Infrastructure
Infrastructure security controls what reaches your server before any route handler or business logic runs. Arkos ships CORS, Helment and rate limiting out of the box.
CORS
CORS controls which origins are allowed to make requests to your API. By default Arkos blocks all origins unless you explicitly allow them.
Avoid at all cost allowedOrigins: "*" in production. It allows any website to make requests to your API on behalf of your users.
import { defineConfig } from "arkos/config";
export default defineConfig({
middlewares: {
cors: {
allowedOrigins: ["https://myapp.com", "https://admin.myapp.com"],
options: { credentials: true },
},
},
});import { ArkosConfig } from "arkos";
const arkosConfig: ArkosConfig = {
middlewares: {
cors: {
allowedOrigins: ["https://myapp.com", "https://admin.myapp.com"],
options: { credentials: true },
},
},
};
export default arkosConfig;credentials: true is required if your frontend sends cookies or Authorization headers. Without it, browsers will block credentialed cross-origin requests even if the origin is allowed.
For full CORS configuration options see Global Middlewares — CORS.
Helmet
Available since v1.6.0-beta
Helmet sets HTTP security headers on every response — X-Content-Type-Options, X-Frame-Options, Strict-Transport-Security, Content-Security-Policy, and others. These headers protect against a wide range of browser-based attacks including clickjacking, MIME sniffing, and cross-site scripting.

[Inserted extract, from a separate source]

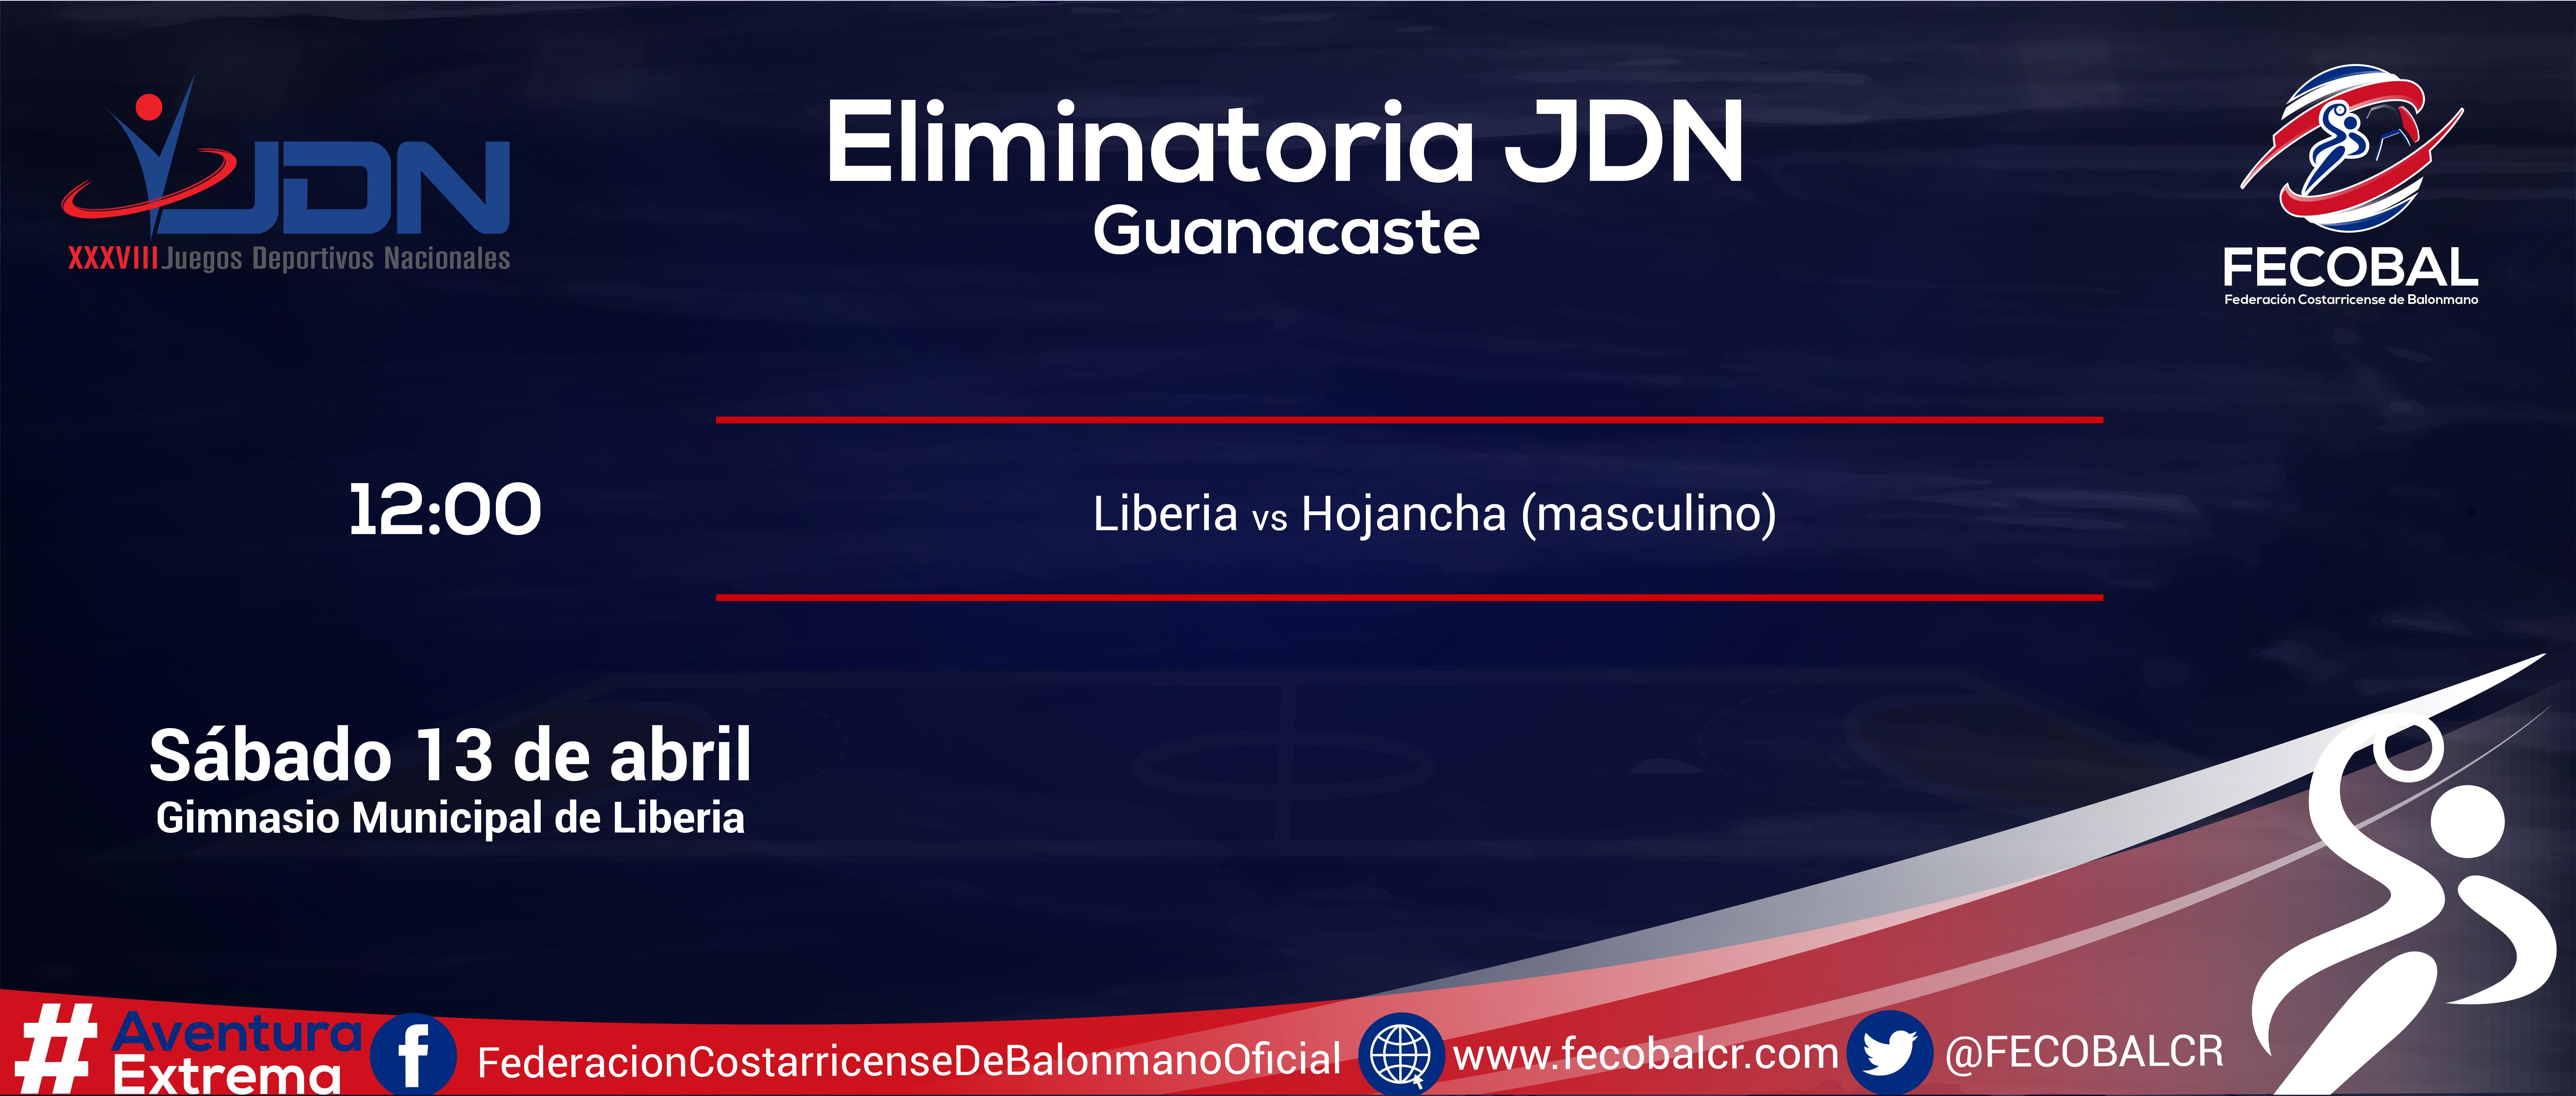 Guanacaste-01

import { defineConfig } from "arkos/config";
export default defineConfig({
middlewares: {
helmet: {},
},
});import { ArkosConfig } from "arkos";
import helmet from "helmet";
const arkosConfig: ArkosConfig = {
configureApp: (app) => {
app.use(helmet());
},
};
export default arkosConfig;Install helmet first: npm install helmet or pnpm add helmet.
See the helmet npm package for the full list of headers it sets and how to configure each one.
Rate Limiting
Arkos ships two rate limiting layers:
Global rate limit — applies to every endpoint. Protects your server from general abuse and scraping.
Auth rate limit — applies only to authentication endpoints (/api/auth/login, /api/auth/signup, etc.). Tighter by default because these endpoints are the primary target for brute force attacks.
Global Rate Limit
Default:
{
windowMs: 60 * 1000, // 1 minute
limit: 300,
}import { defineConfig } from "arkos/config";
export default defineConfig({
middlewares: {
rateLimit: {
windowMs: 60 * 1000,
limit: 100,
},
},
});import { ArkosConfig } from "arkos";
const arkosConfig: ArkosConfig = {
middlewares: {
rateLimit: {
windowMs: 60 * 1000,
limit: 100,
},
},
};
export default arkosConfig;Auth Rate Limit
Default:
{
windowMs: 5000, // 5 seconds
limit: 10,
}import { defineConfig } from "arkos/config";
export default defineConfig({
authentication: {
mode: "static",
requestRateLimitOptions: {
windowMs: 15 * 60 * 1000, // 15 minutes
limit: 5,
},
},
});import { ArkosConfig } from "arkos";
const arkosConfig: ArkosConfig = {
authentication: {
mode: "static",
requestRateLimitOptions: {
windowMs: 15 * 60 * 1000,
limit: 5,
},
},
};
export default arkosConfig;You can also set rate limits per route using ArkosRouter. See ArkosRouter for details.
The default global limit of 300 requests per minute is permissive — tune it down for production based on your expected traffic patterns.